The rules governing discovery of experts in North Carolina differentiate between these varying categories of experts. In North Carolina, consulting experts are hired to review a file as well as assist in the preparation of litigation. The identity and opinion of a consulting expert who is not going to testify at trial is not discoverable. However, a party can obtain the identity of, substance, and facts pertaining to the other party’s testifying expert in discovery through interrogatories. According to Rule 26, through an interrogatory, a party can require “ any other party to identify each person whom the other party expects to call as an expert witness at trial,  to state the subject matter on which the expert is expected to testify, and  to state the substance of the facts and opinions to which the expert is expected to testify and a summary of the grounds for each opinion.”
Some expert witnesses may be considered testifying experts and fact witnesses. For example: a school psychologist at a child’s school witnessed a particularly heated exchange between the child’s parents on school property. If called to testify simply about the argument, this witness would be a fact witness. If the scope of the testimony expanded to how this could impact the child, she would then transition from a fact witness to an expert witness. One important thing to note is that if your expert is testifying as a fact witness, she is not owed a fee, but if she is testifying as an expert, the rules for payment of experts will apply.
The written agreement (typically drafted by your attorney) that sets out the role your expert will play also should specify how the expert will be compensated and when payment is due. Experts can charge an hourly rate or they can charge a lump-sum fee. For services like depositions or trial appearances, some experts increase their hourly rate or charge by the half-day or day. The rate is usually based on factors that include the experience of the expert and the nature of the task. These fees can either be paid up front, as work is completed, or in full upon completion of services. Also, unlike with some attorneys, an agreement to pay an expert cannot be based on whether or not you prevail at trial. Therefore, the terms of compensation in your written agreement are not contingent on whether or not you win your case.

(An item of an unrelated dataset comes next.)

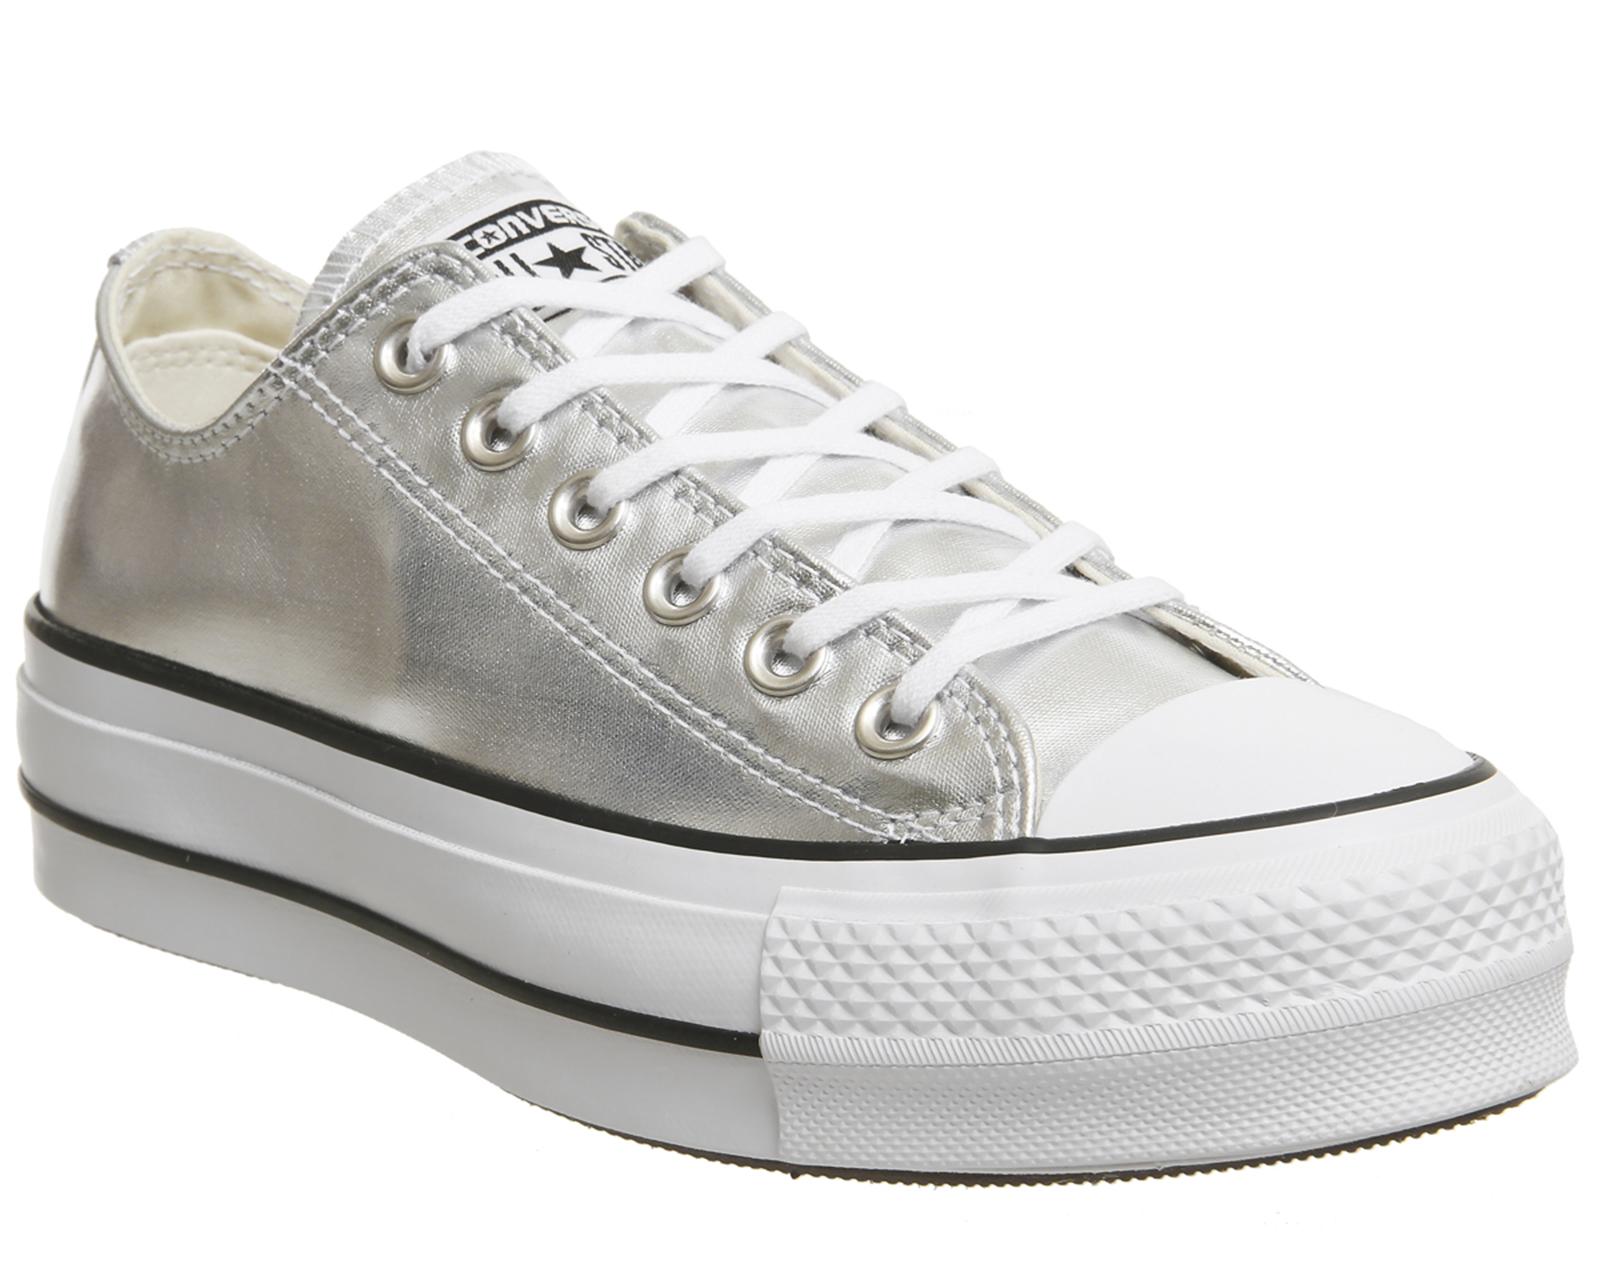 adbb70e062cf Sentinel Womens Converse All Star Low Platforms Silver Black White Trainers  Shoes
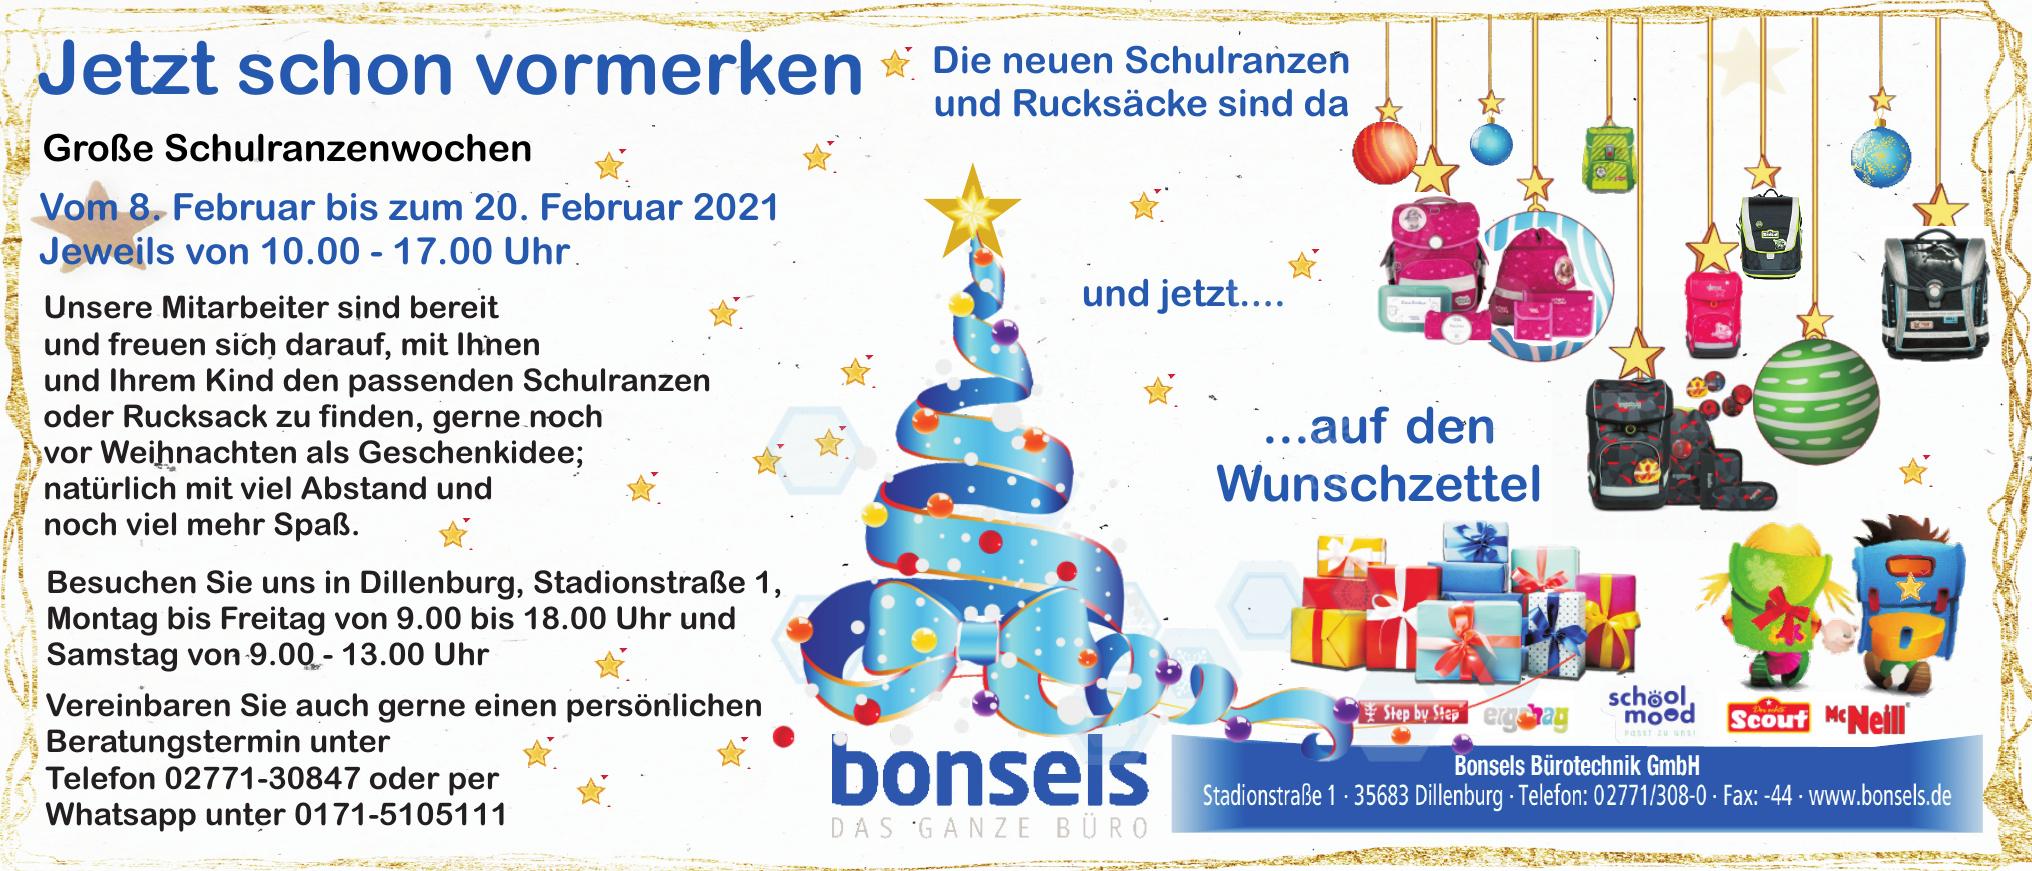 Hörgeräte Bonsel GmbH

In the event that you do win your case, there are some situations where the losing party will pay your expert fees. By statute, the court can order the losing party to pay certain expenses, called taxable costs. “Taxable costs” simply means litigation-related expenses that the winning party is entitled to as a part of the court’s award. With expert fees, a judge can award costs for reasonable and necessary fees of expert witnesses for actual time spent providing testimony at trial, deposition, or other proceedings. This is limited to fees associated with the expert’s time providing testimony at trial, deposition, or other proceedings. Additionally, in order for the court to award expert fees, the expert must have been subpoenaed.
Lastly, if the court appoints an expert witness, it is up to the court to determine the terms of payment. Court-appointed experts are entitled to “reasonable compensation” that is to be paid in a method decided on by the court.
In summary, expert witnesses can be a valuable tool throughout litigation. If issues arise in dealing with your expert, such as the expert refusing to comply, the expert may be in breach of contract or found to be in contempt of court.